:: COLLECTED MATERIAL ::
————

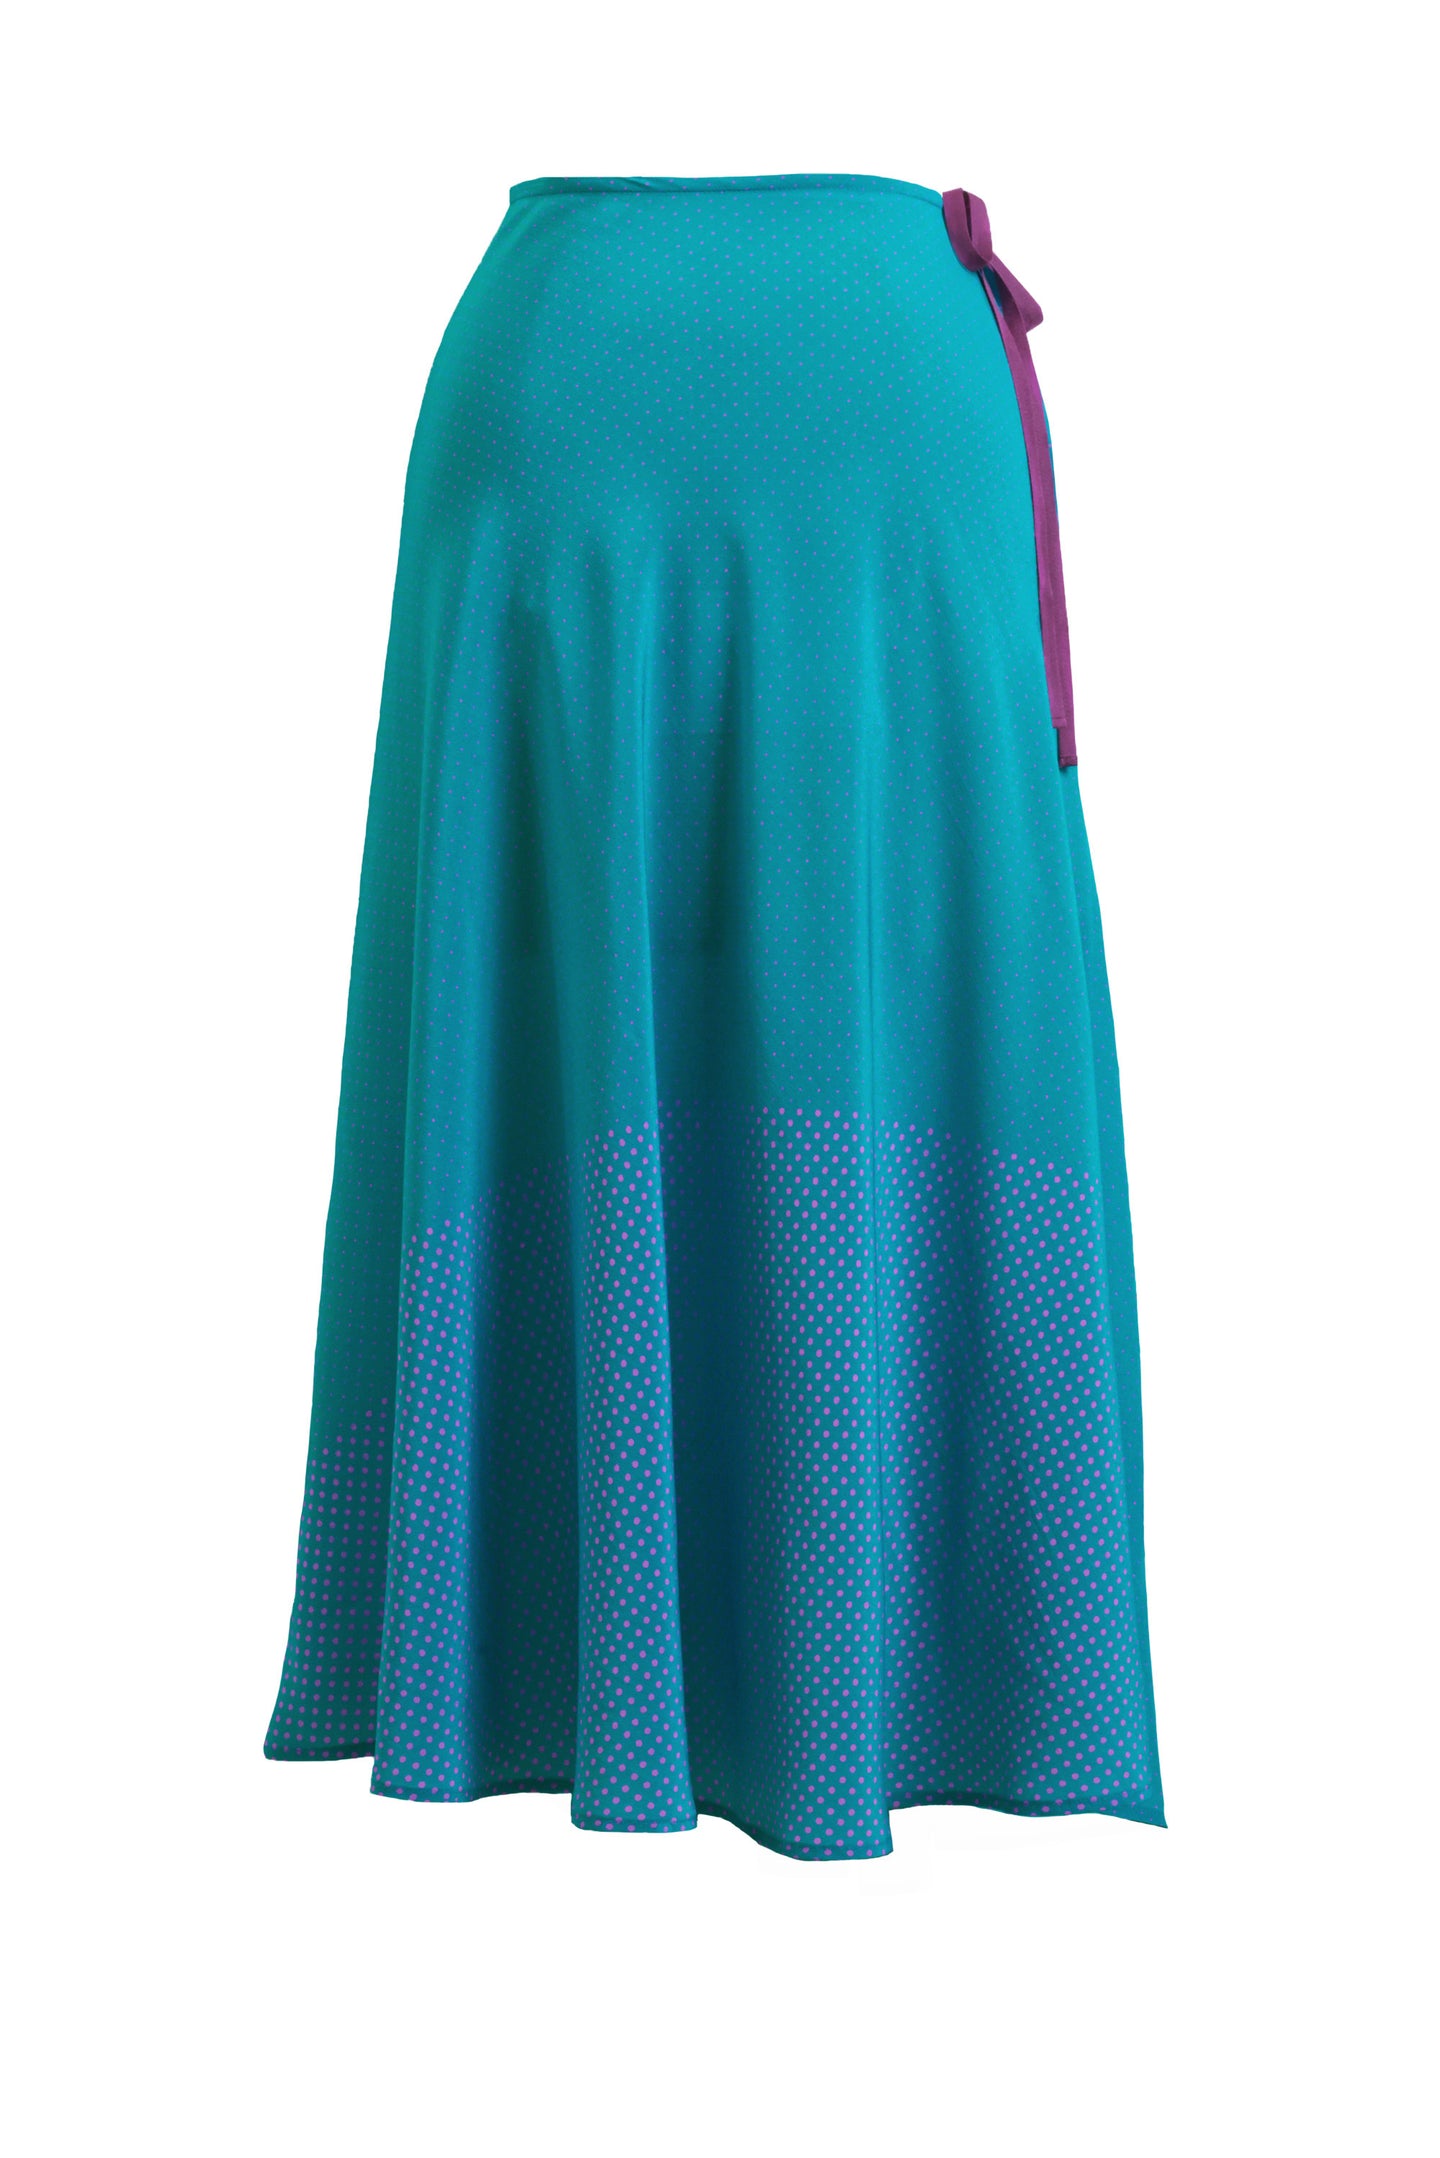 Silk Dot Skirt | Peacock Green
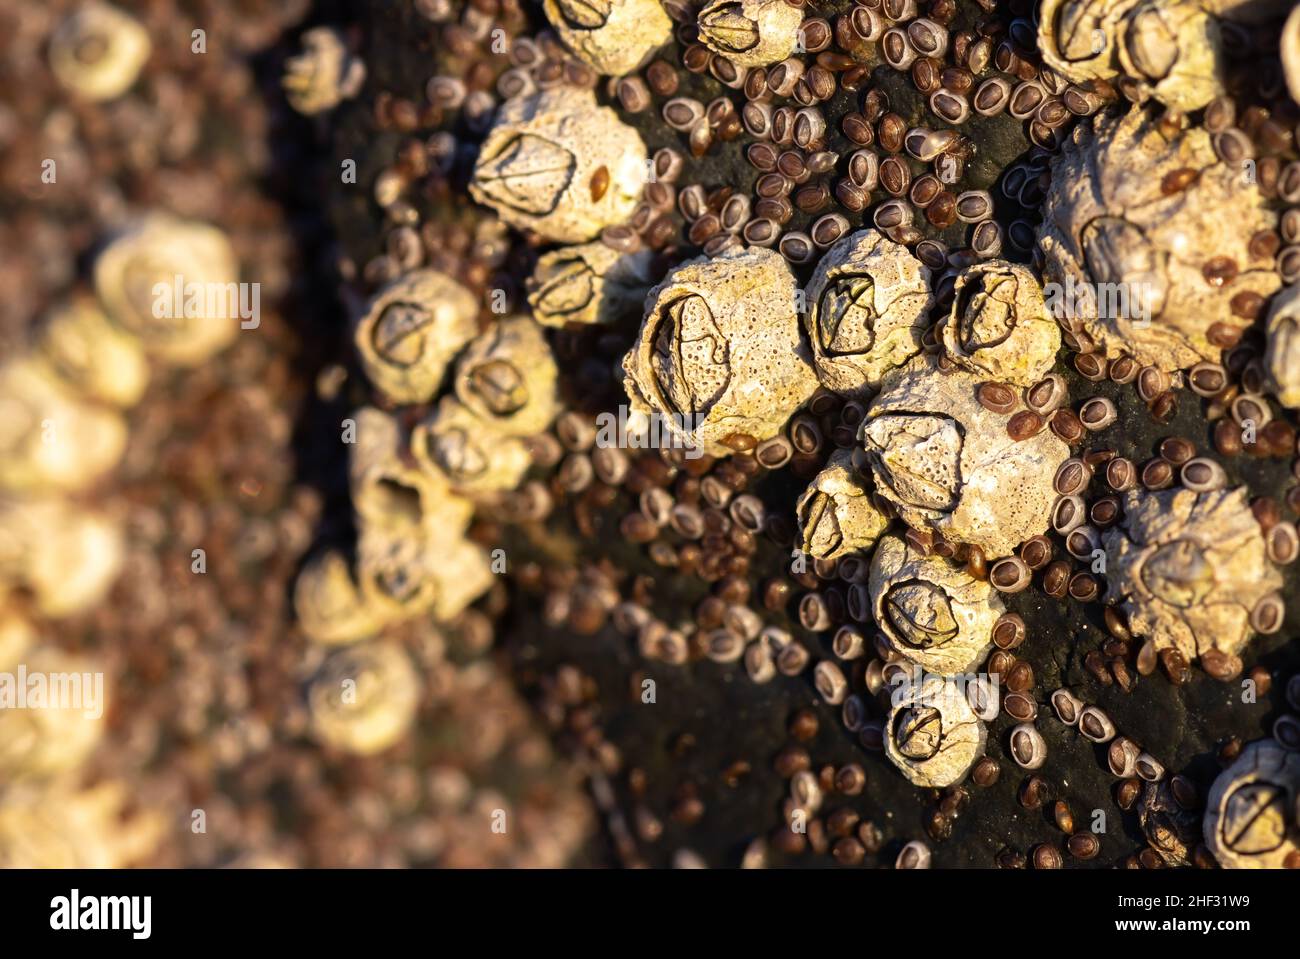 Closeup of Acorn barnacles (Semibalanus balanoides) Stock Photo
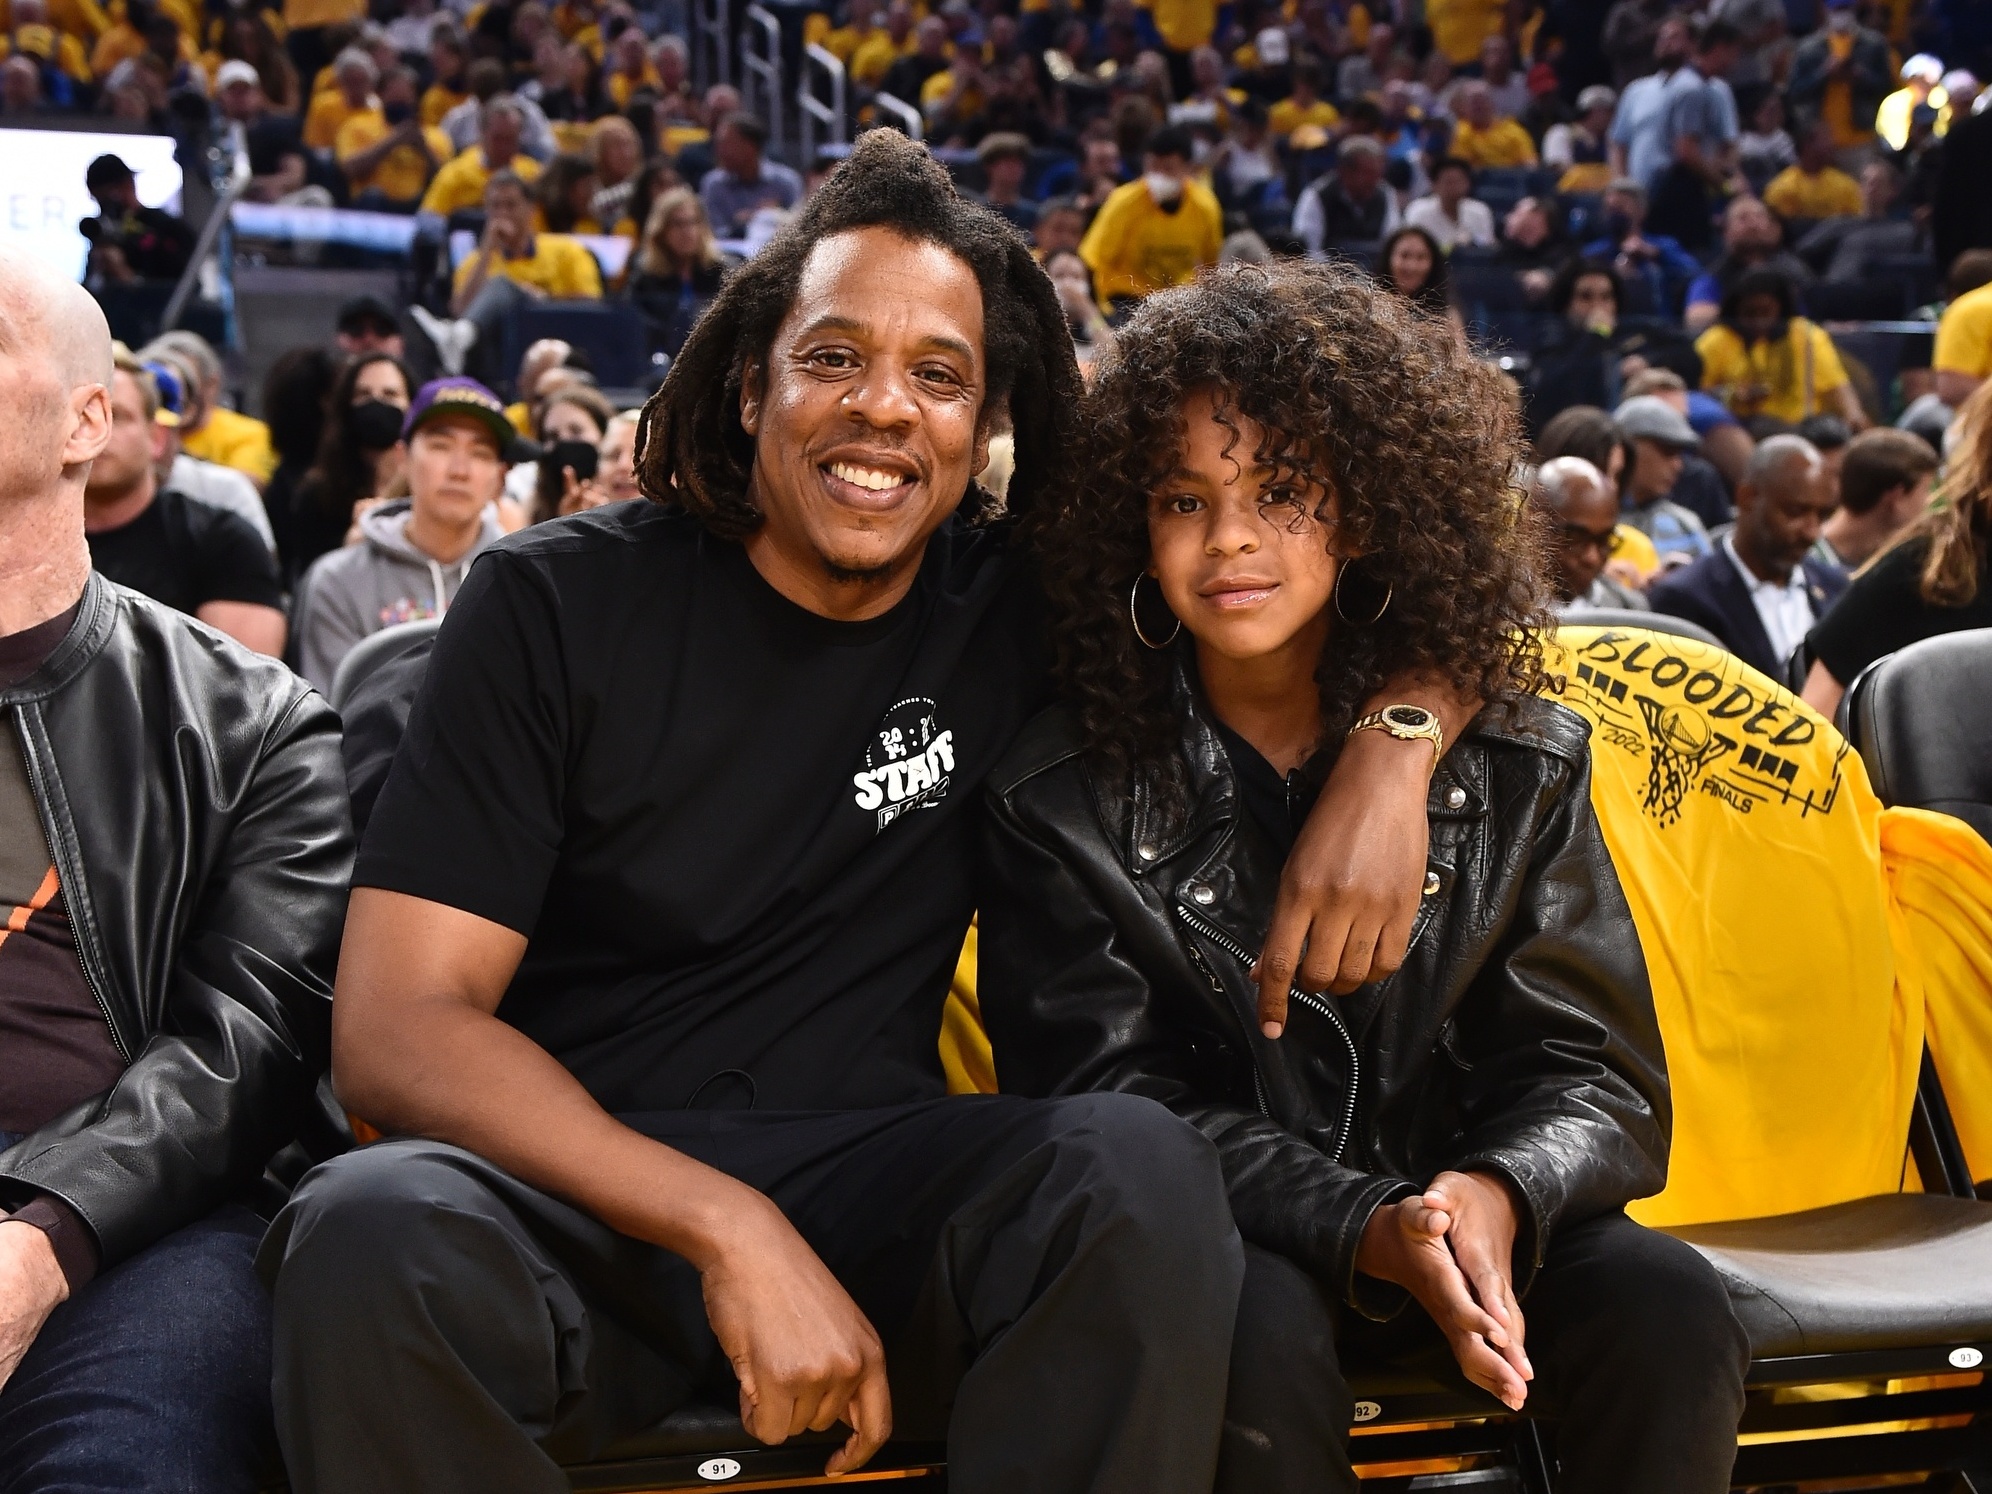 Fotos: Beyoncé e Jay Z assistem a jogo de basquete em NY - 03/11 
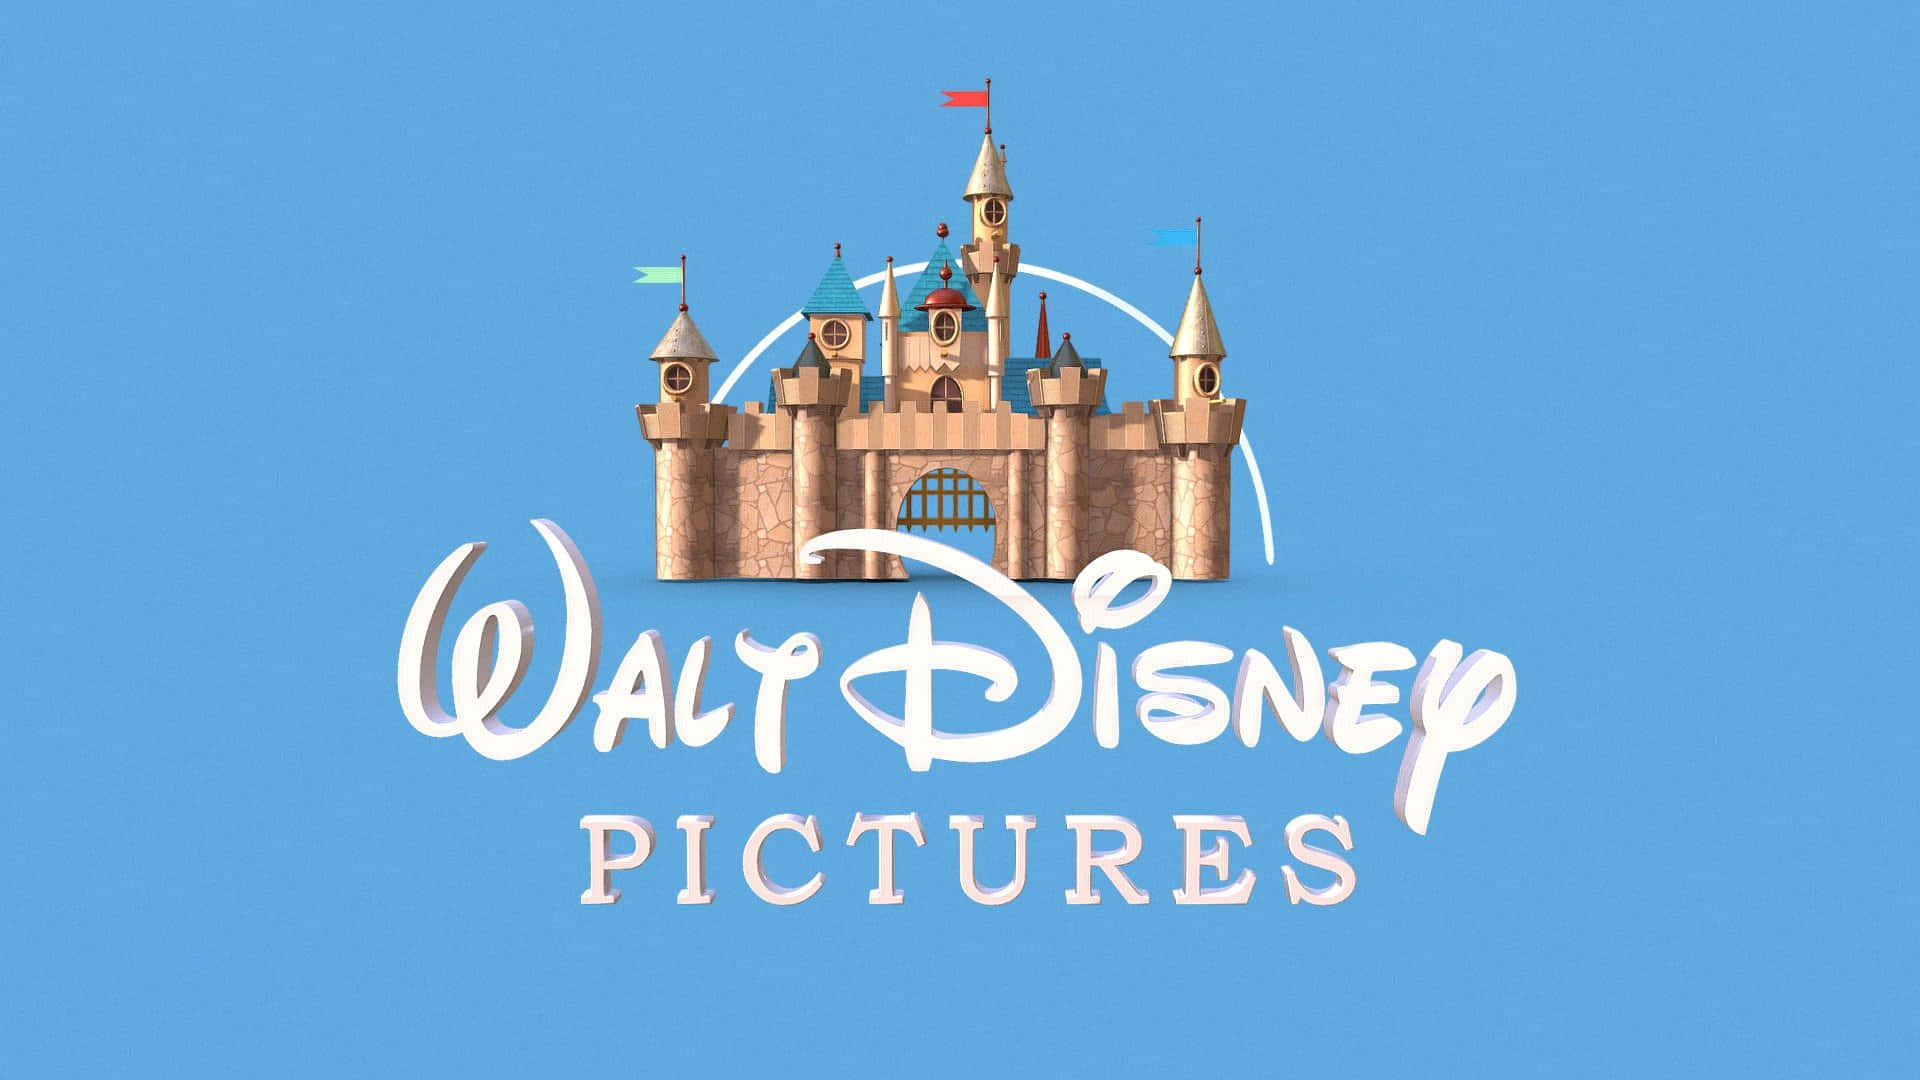 Walt Disney Picture Logo Tapet: En flydende sekvens af Walt Disney billeder.

————

:: TASK TO CARRY OUT ::
Repeat the listing above in full, exactly, and omit its pictures.

:: ANSWER TO THIS TASK ::
 Silk Dot Skirt | Peacock Green
 Closeup of Acorn barnacles (Semibalanus balanoides) Stock Photo
 Fotos: Beyoncé e Jay Z assistem a jogo de basquete em NY - 03/11 
 Walt Disney Picture Logo Tapet: En flydende sekvens af Walt Disney billeder.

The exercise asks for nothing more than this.